The modeling enolase consensus sequence (Model_02) and the original structure corresponding to the 4G7F crystallized T. cruzi CL Brener DTU VI enolase were analyzed with the modeling structure using the UCSF Chimera program. A root-mean-square deviation (RMSD) value of 0.068 by alignment (Figure 2) and superimposition between both sequences were obtained.

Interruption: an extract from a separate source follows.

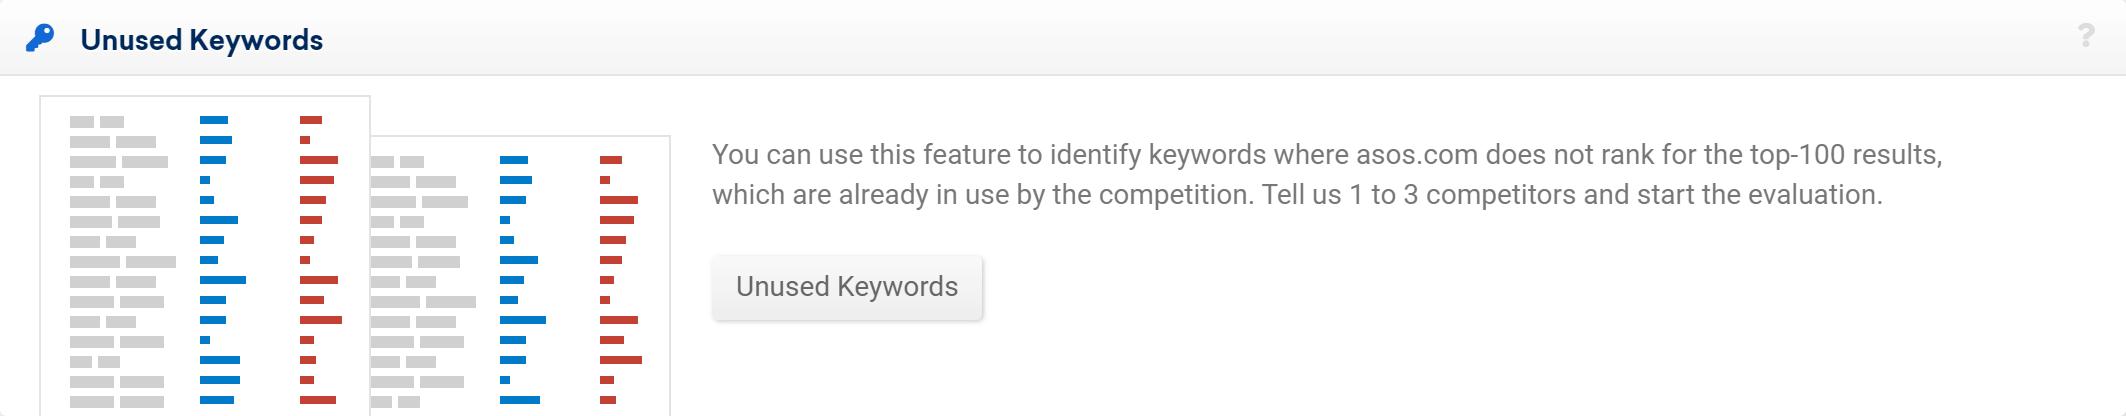 Feature Unused Keywords in the SISTRIX Toolbox

The structural alignment again showed an identity of 99.77%; however, it also showed a region of 10 missing amino acids (orange color) within the crystallized structure, corresponding to regions 39–42 and 260–265, with amino acids “A, S, T, G and T, F, K, S, P, E, respectively, as well as the only amino acid change between both sequences at the 330 position from methionine to threonine (Figure 3) (yellow color). The modeling structure was also analyzed using four Ramachandran plots (General, Glycine, Proline, and Pre-proline) (Figure S2), obtaining MolProbity values, overall Ramachandran score, and deficient junctions in the structure (Table 2).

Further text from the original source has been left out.